● **Exercise data**:
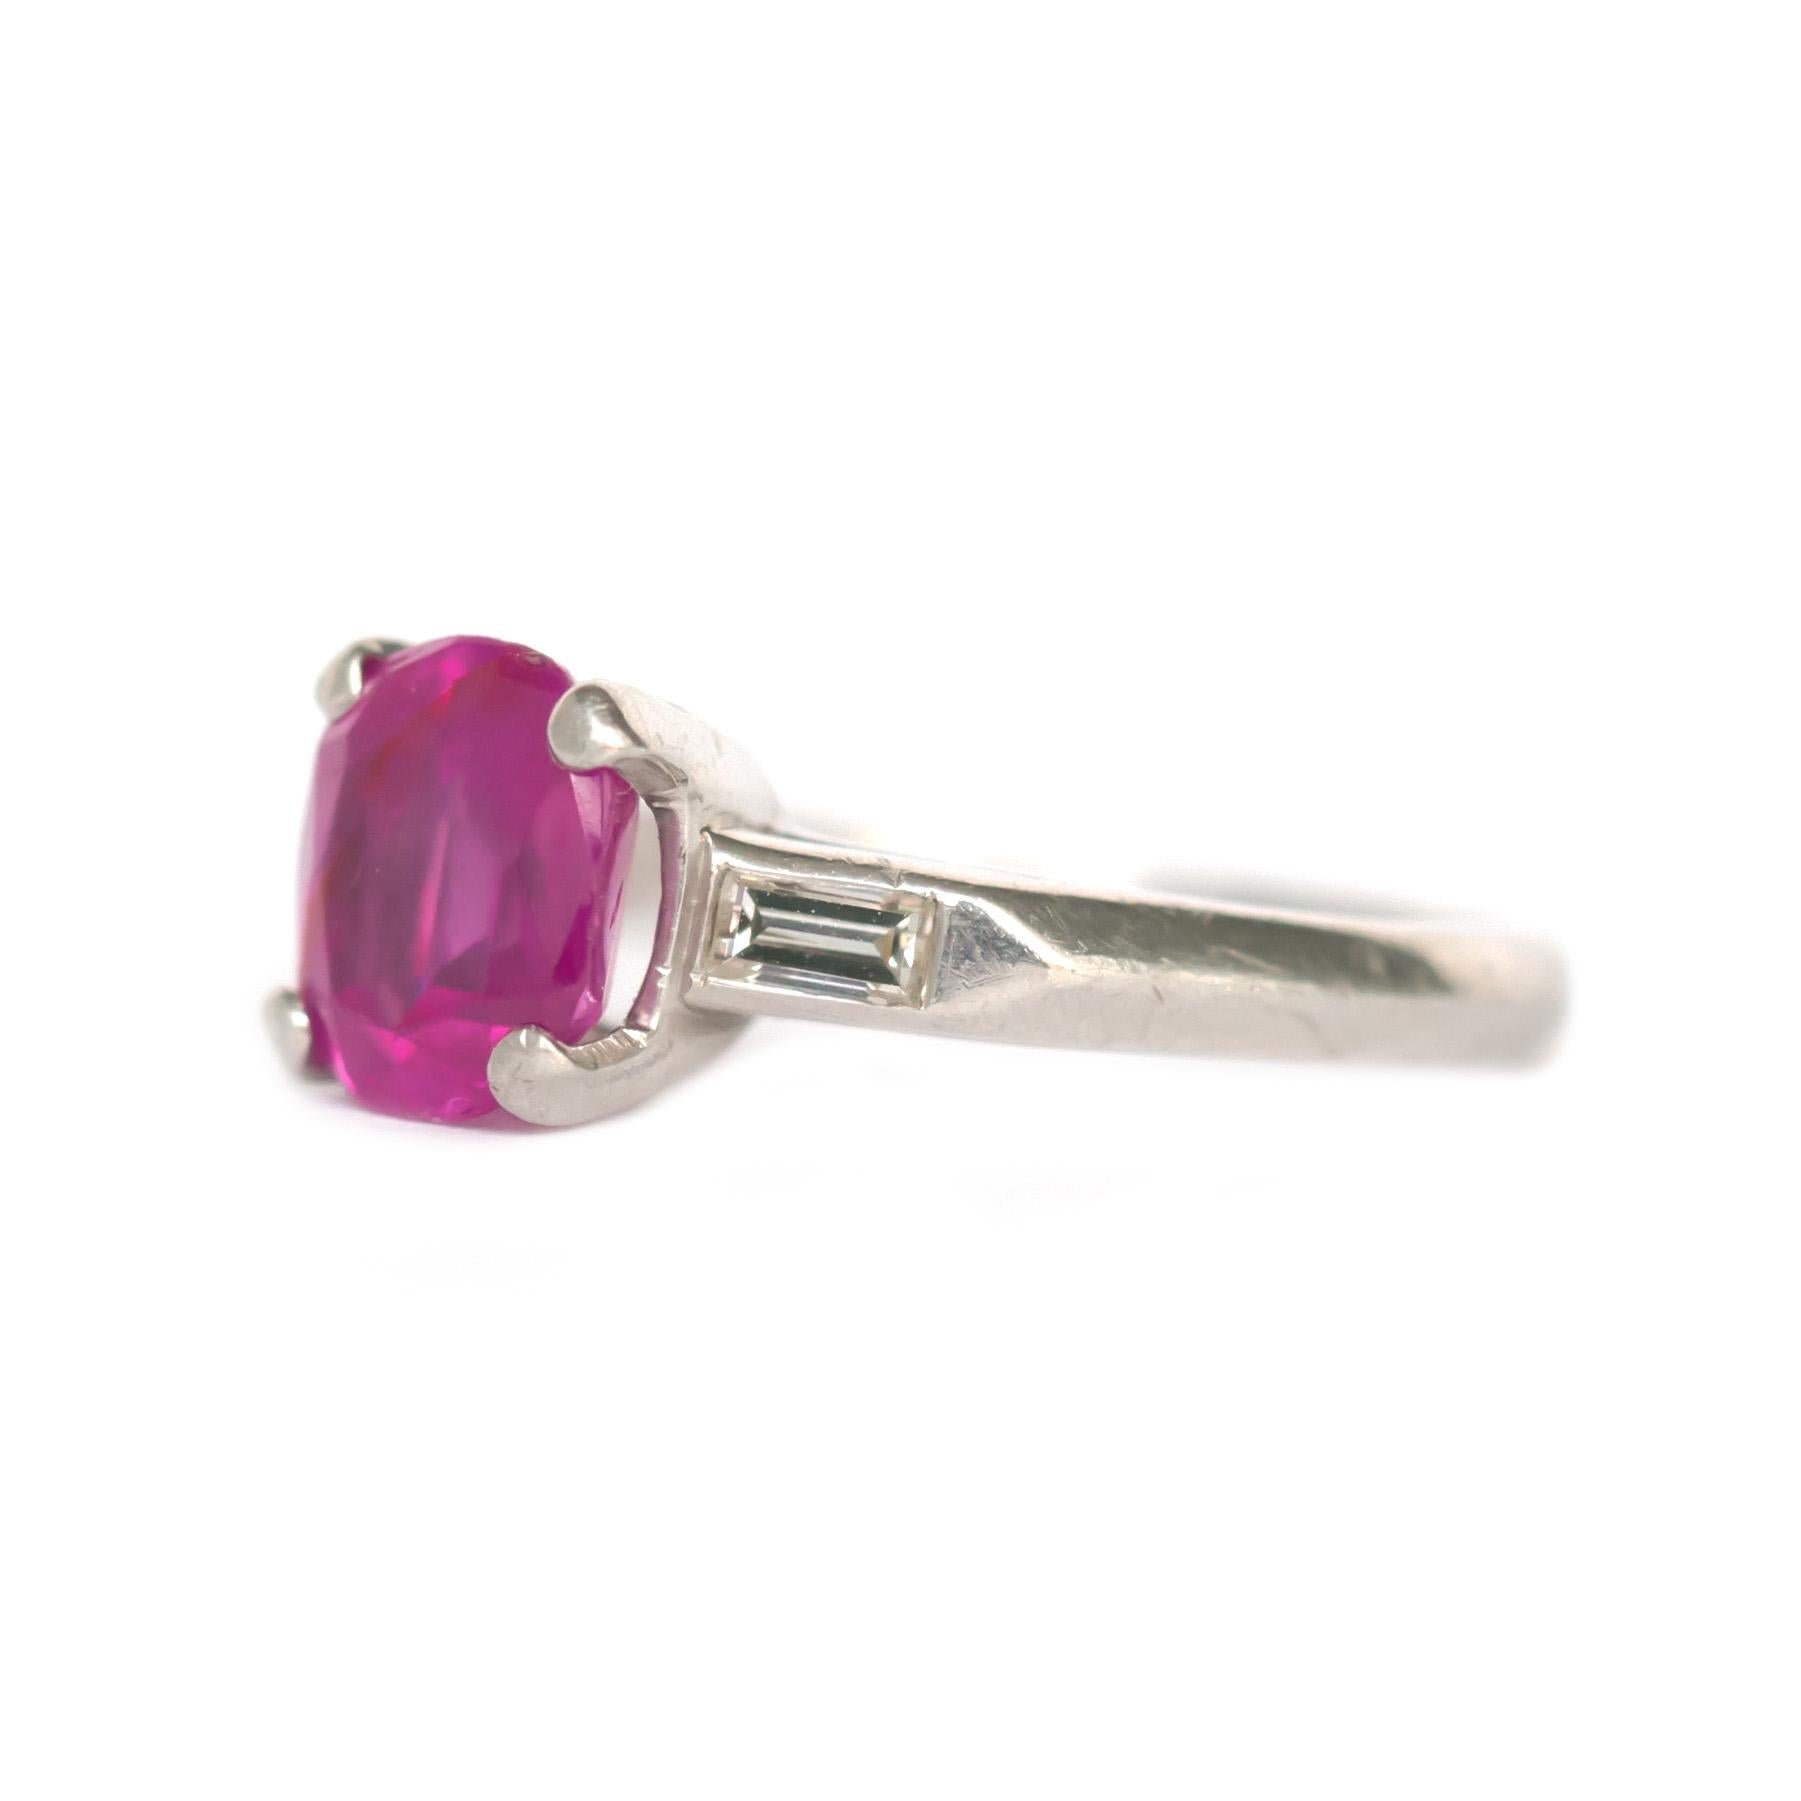 Ring Size: 4.5
Metal Type: Platinum [Hallmarked, and Tested]
Weight: 3.8  grams

Center Sapphire Details:
Weight: 1.40 carat
Cut: Old Cushion 
Color: Intense Pink
Clarity: SI
Treatment: Unheated

Side Diamond Details:
Weight: .15 carat, total

● **Exercise**:
Taking the records above line by line, count those that hold the word "Details"; the number is the entire answer.

● **Reply**:
2